Отцу не нравилось, что девочка постоянно сидит наверху с дедом, с ее стороны это вроде как предательство, так он считал. К тому же старик был грязный, плюгавый, и Товита обижало, что девочка вообще — нечего тут кривить душой! — больше льнет к нему, чем к родному отцу. Казалось, то скользкое, мутное, уклончивое, что было присуще матери, отчасти передалось и ребенку. Ведь девочка росла: в пятилетием возрасте стало очевидно, как похожа она будет на мать фигурой — высокая, гибкая. Но, выходит, этим одним сходство не исчерпывалось. Хотя в ребенке эти стороны материнской натуры бесспорно преобразились не то чтобы в силу, но по крайней мере в некое колдовское очарование: нерешительность обернулась изящным, как игривая вода, непостоянством, расплывчатое — искристым блеском, болезненно-серая бледность — чистейшей белой ясностью.
Но то, что все же перешло к ней от матери, — ощущалось оно как незримые токи, как донный осадок, муть, искореженные обломки — нужно было побороть. Вычистить, выполоскать.

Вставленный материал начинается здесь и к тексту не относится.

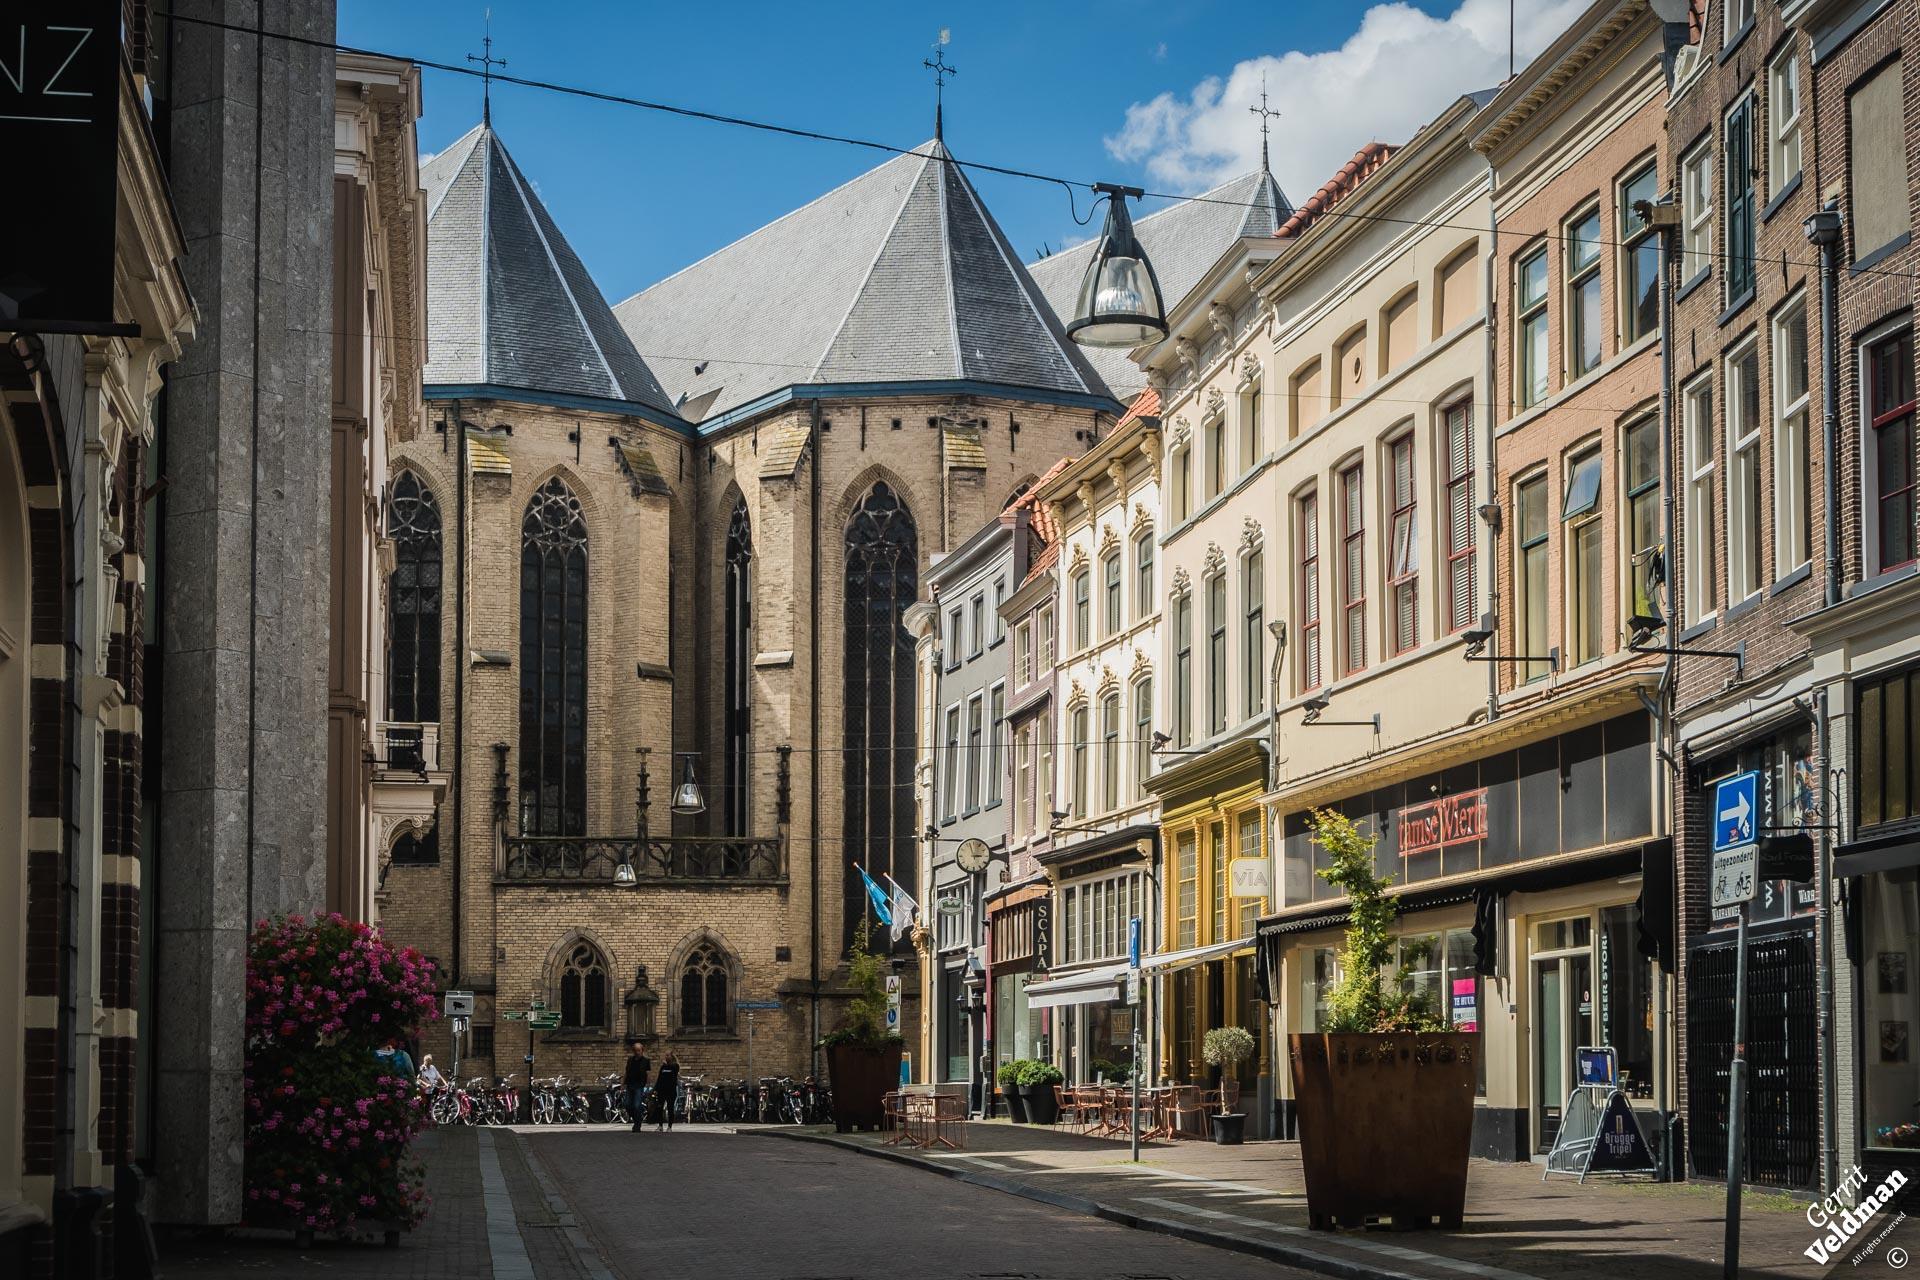 Sassenstraat, Zwolle

Осознав это, он принялся наводить кругом чистоту и даже хватал с этим через край — впрочем, все шло без особых трудностей, потому что ей уже было шесть лет, она больше не пачкалась сама и вокруг не очень мусорила. Наоборот, с удовольствием помогала ему скоблить и прибирать. Он уже не одевал ее как придется, в старые взрослые платья, что сохранились в доме, или в ношеные детские, которые давали ему добрые люди. Поселковая портниха села за работу, и платил он наличными: жемчужина, стало быть, получила более подходящую оправу. Особенно хороша она была в зимнем платье из ярко-красной шерсти — кожа белая будто снег, волосы будто серебро, в красном она казалась беспокойным огоньком, потому что была из породы непосед, которые не ходят, а танцуют, скачут, порхают… Вся округа тогда видела, как Товит, который по своей воле словечка ни с кем не сказал с того дня, как умерла старуха, эта воплощенная безжизненность, мамаша его, — Товит стал чуть ли не говоруном. Здоровался с людьми, сам заводил со встречными разговор. Даже в церковь начал ходить, а ведь не появлялся там с тех самых пор, как мальчишкой вместе с родителями томился на проповедях. Он будто ожил и повернулся к миру — лицо изменило выражение, и народ увидал, что оно и впрямь красивое, не такое острое и каменное, как им всегда представлялось. А причина всего этого бросалась каждому в глаза, он повсюду водил ее за собой, крепко сжимая в ладони детские пальчики, — маленькая девочка, которая то и дело легонько подергивала отцовскую руку, будто все время хотела вырваться на волю, будто ей был невмоготу плен такой тяжелой, требовательной любви.